LLM Observability in production: monitoring quality, cost and model behavior in 2026
Language models require specific metrics: inference latency, cost per token, response quality and behavioral drift.
Executive summary
Language models require specific metrics: inference latency, cost per token, response quality and behavioral drift.
Last updated: 3/12/2026
Introduction: The AI black box
Deploying a language model in production is just the beginning. Monitoring its behavior, ensuring consistent quality, controlling costs, and detecting behavioral drift are far more complex challenges. Unlike traditional APIs, LLMs are inherently non-deterministic, and this requires a completely new approach to observability.

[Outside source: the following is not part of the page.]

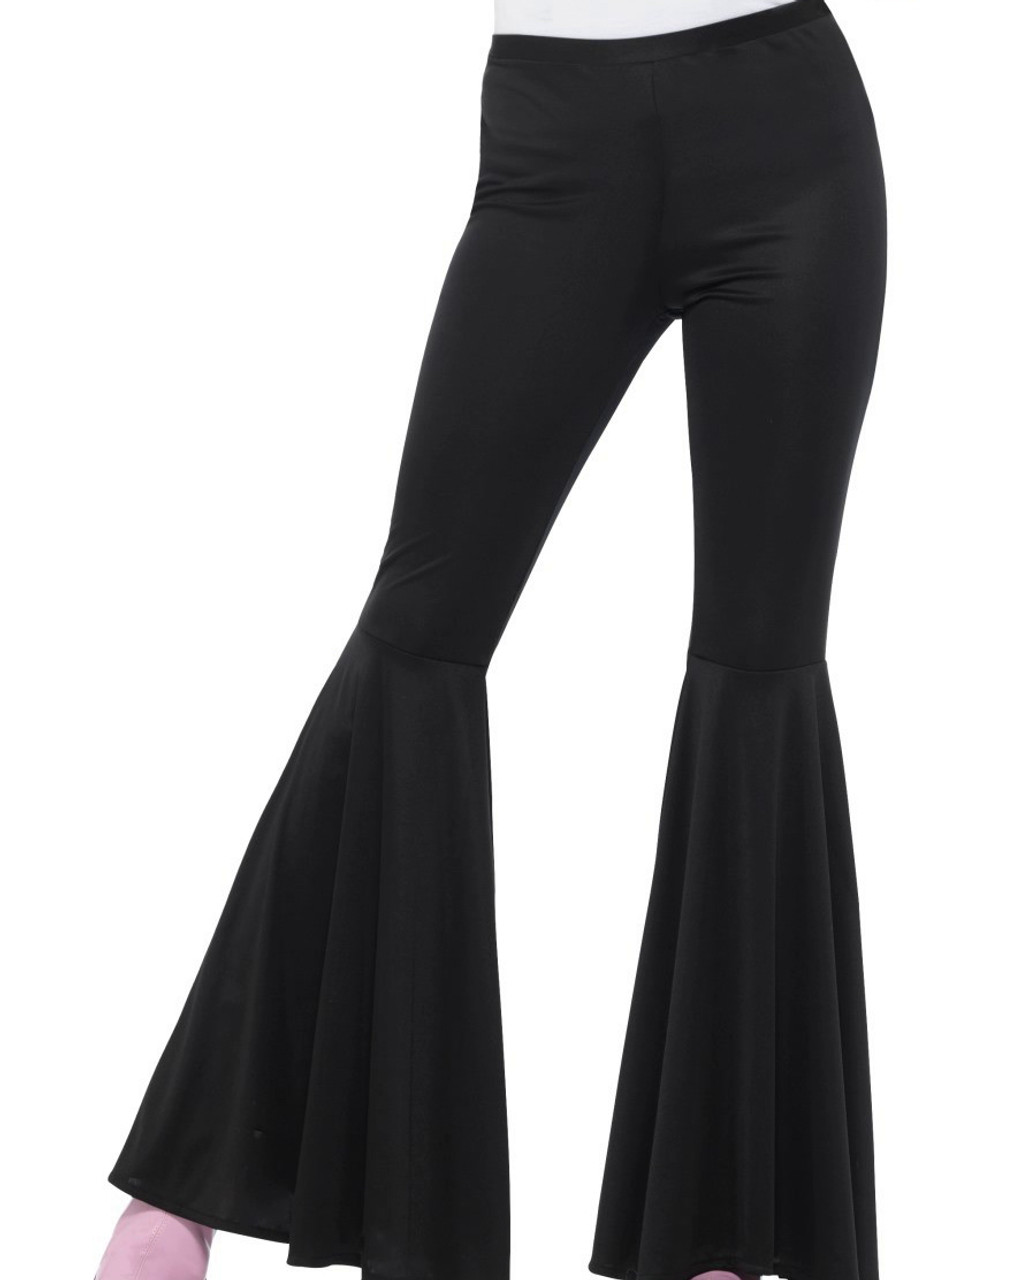 MENS BLACK 1970/'S DISCO TROUSERS PANTS FANCY DRESS COSTUME FLARES 70S 1960/'S 60S

In 2026, mature companies don't just "trust" their models — they measure, iterate, and adjust continuously. LLM observability has become its own discipline, with specific metrics, specialized tools, and distinct operational practices.

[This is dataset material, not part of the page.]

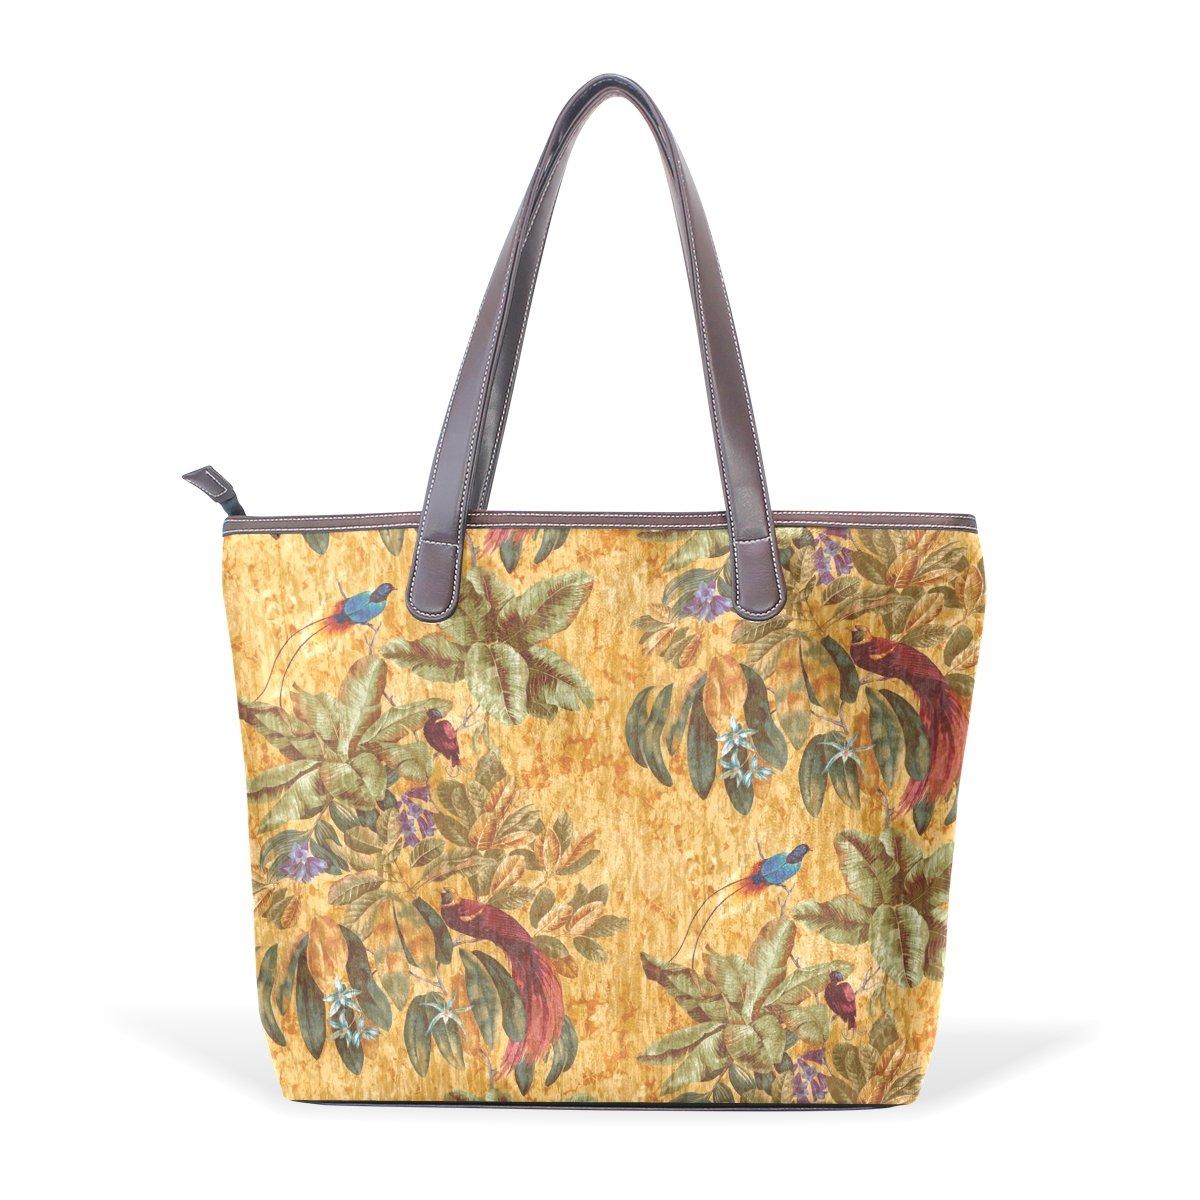 Ye Store Birds Of Paradise Copper Lady PU Leather Handbag Tote Bag Shoulder Bag Shopping Bag

What to monitor in an LLM system
Three pillars of observability
┌─────────────────────────────────────────────────────────────────────┐
│ LLM OBSERVABILITY │
├─────────────────────────────────────────────────────────────────────┤
│ │
│ ┌──────────────┐ ┌──────────────┐ ┌──────────────┐ │
│ │ QUALITY │ │ COST │ │ BEHAVIOR │ │
│ │ │ │ │ │ │ │
│ │ - Accuracy │ │ - Tokens/s │ │ - Latency │ │
│ │ - Relevance │ │ - Cost/$ │ │ - Tokens │ │
│ │ - Satisfaction│ │ - Throughput │ │ - Errors │ │
│ │ - Utility │ │ - Cache hit │ │ - Failures │ │
│ └──────────────┘ └──────────────┘ └──────────────┘ │
│ │
└─────────────────────────────────────────────────────────────────────┘Quality metrics
1. Relevance and accuracy
typescript// Relevance assessment with LLM-as-a-judge
interface QualityAssessment {
query: string;
response: string;
relevanceScore: number; // 0-1
precisionScore: number; // 0-1
hallucinationScore: number; // 0-1 (lower is better)
}
async function assessQuality(
query: string,
response: string,
context?: string
): Promise<QualityAssessment> {
const assessmentPrompt = `
You are a quality evaluator for LLM responses.
Query: ${query}
Response: ${response}
${context ? `Context: ${context}` : ''}
Evaluate the response on three dimensions:
1. Relevance (0-1): Does the response directly address the query?
2. Accuracy (0-1): Is the information factually correct?
3. Hallucination (0-1): Does the response assert unsupported information?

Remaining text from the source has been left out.